Doch zurück zu den „Paketen an Frau Blech“. Wenn in der Eingangsszene beschrieben wird, wie ein knapp vierzehnjähriger Junge am DDR-Grenzübergang Marienborn in einem Bus voller freigekaufter Häftlinge sitzt, die in den Westen gefahren werden, dann frage ich mich: Gab es das, einen Minderjährigen im Häftlingsbus? Ich denke nicht: Das gab es nicht und der Autor hat einen Fehler gemacht. So wie er es beschreibt, halte ich eine regelbestätigende Ausnahme für möglich und rechne damit, dass sich das am Ende aufklärt. Dem Lesegenuss tut es keinen Abbruch, dass ich nur erfahre, wie es in der Romanhandlung dazu kommt und dass es das normalerweise nicht gab.

Und so hält man dank Bauerdicks Erzählkunst eine ganze Weile so manches Beschriebene für möglich, auch wenn man nicht glauben kann, dass es dafür eine authentische Vorlage gibt. Schließlich gibt es auch in einem Land, in dem man sich allenthalben am Gewöhnlichen festhält, das Außergewöhnliche. Und wenn er einige Geschichten wieder platzen lässt, weil sie eine Romanfigur nur erfunden hat, dann folgt man dem als Leser vielleicht auch. Natürlich zieht die Romanhandlung dann Kreise, bei denen man nicht mehr nach authentischen Bezügen sucht. Dann ist die Fiktion, die Illusion ganz klar, aber das ist ja kein Grund, aus dem Lesefluss ausbrechen zu wollen.
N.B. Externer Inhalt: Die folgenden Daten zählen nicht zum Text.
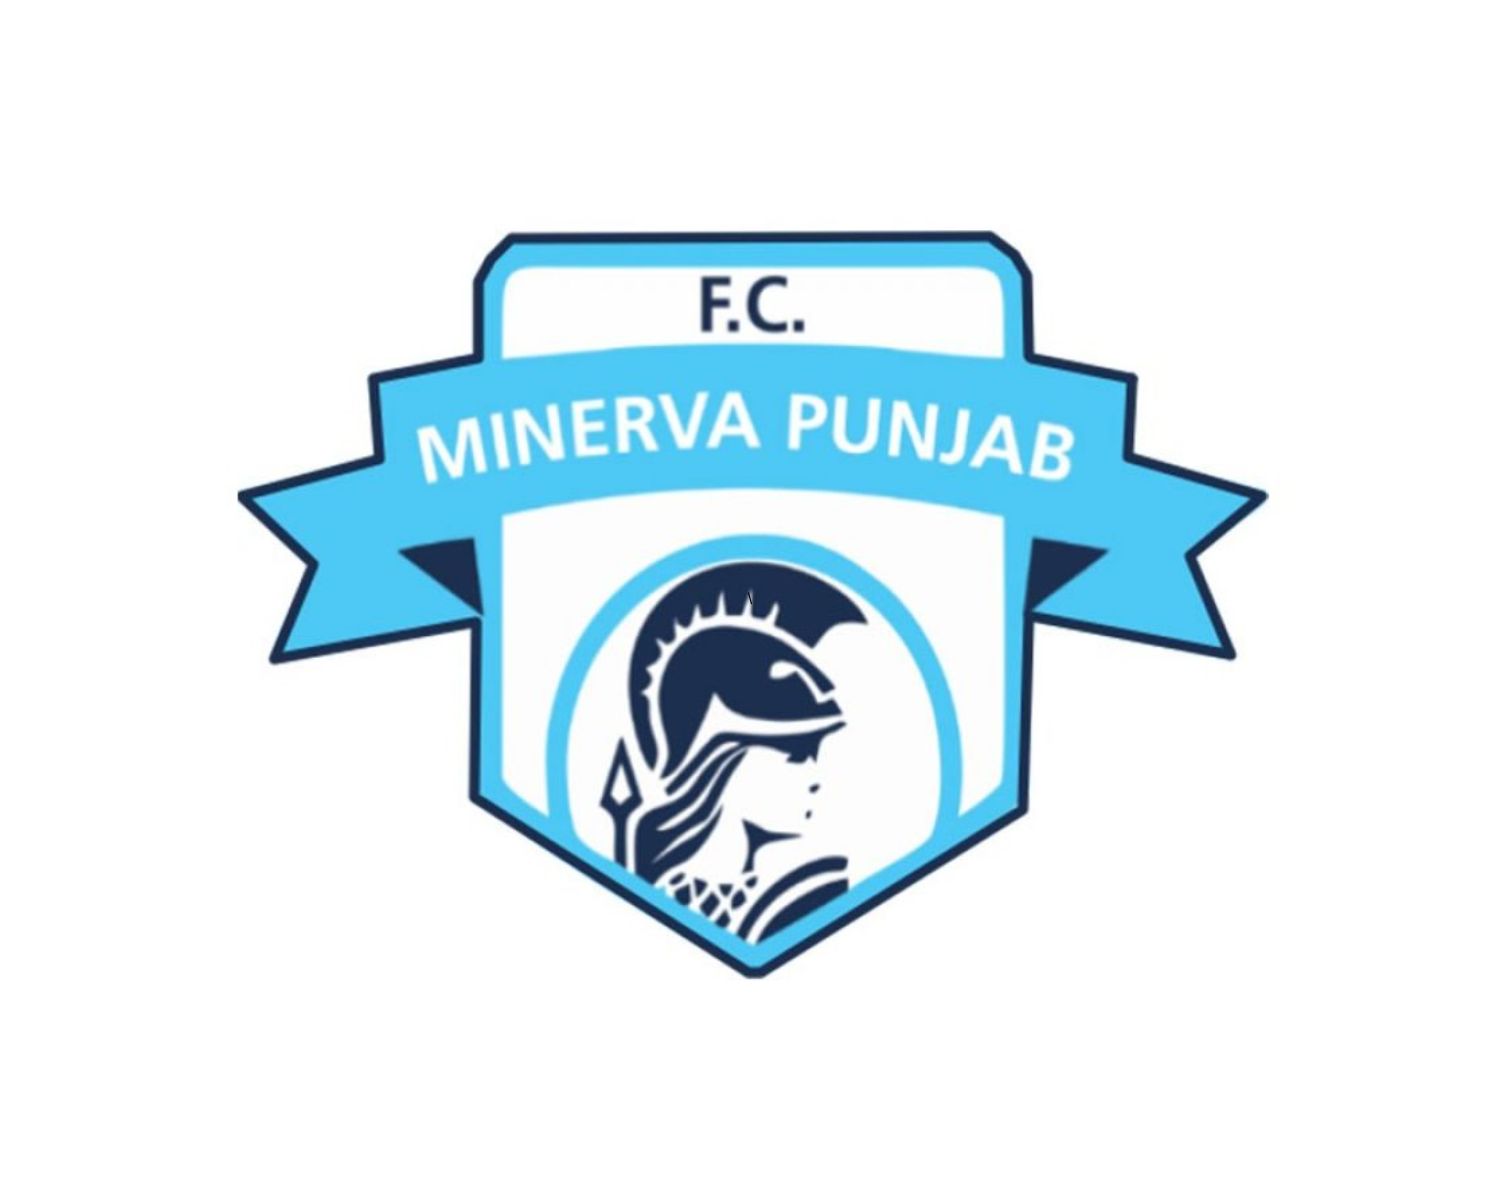 minerva-punjab-fc-17-football-club-facts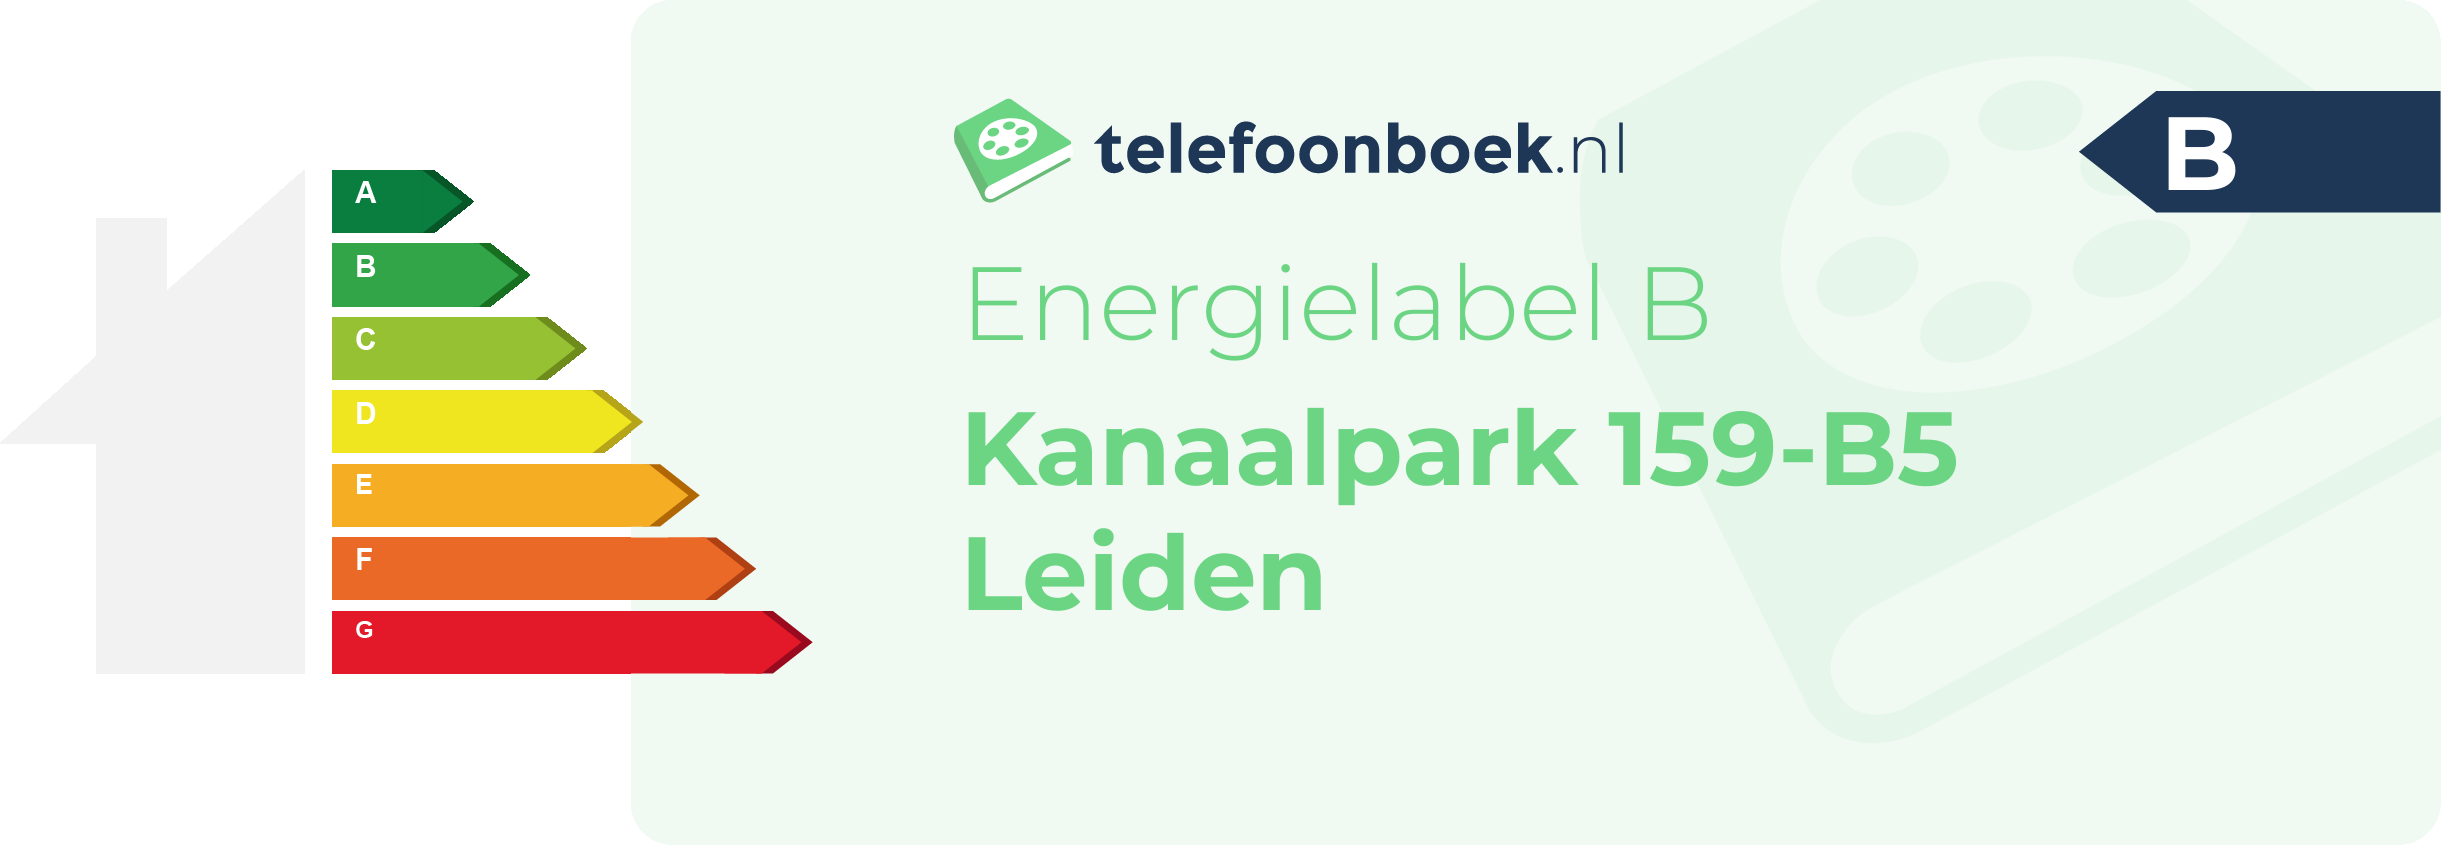 Energielabel Kanaalpark 159-B5 Leiden

Dieses Spiel ist natürlich recht reizvoll, aber hier muss der Rezensent ein wenig zu nörgeln beginnen. Wenn man selbst in der DDR groß geworden ist, gleichaltrig mit dem Romanhelden Maik Kleine, ist man natürlich kein unbefangener Leser. Und manche Kleinigkeit in Kleines DDR-Leben scheint einem unstimmig. Aber auch hier haben sich Lebenswelten natürlich unterschieden und es gab vielleicht tatsächlich Gleichaltrige, die den SED-Staat als Heranwachsende noch so positiv gesehen haben und so wenig über seine Schwächen wussten. Und es ist schade, dass der Leser in diesem spannenden Spiel mit Scheinwelten evtl. den Eindruck bekommt, eine authentische Beschreibung, wie die der aufsehenerregenden Protestaktion Leipziger Studenten gegen die Sprengung der Paulinerkirche 1968 stimme gar nicht, nur weil sich ein fiktives Detail als Legende herausstellt.

Wenn wir beim Nörgeln sind, noch eine Kleinigkeit: Ein Fehler, den nun wirklich jeder einstige DDR-Bewohner trotz aller Erzählkunst sofort als Fehler erkennt, obwohl es an dieser Stelle offensichtlich keiner sein soll, ist es, wenn eine Romanfigur erzählt, man habe in Ungarn mit der Ostmark gut und günstig Urlaub machen können. Da sind dem Autor offenbar west- und ostdeutsche Lebenswelten im östlichen Ausland kurz durcheinandergeraten. Für DDR-Bewohner war Ungarn nicht nur vergleichsweise teuer, vor allem litten alle an Geldknappheit, weil sie nur eine geringe Summe Ostmark in Forint tauschen durften. Billig war es nur für Westdeutsche.

Natürlich ist in einem solchen Roman das Finale nicht unbedingt plausibel, aber es ist ja ein Roman, da darf vieles nicht stimmen. Er liest sich gut – und zeithistorische Fakten zu vermitteln ist nicht seine vordringlichste Aufgabe.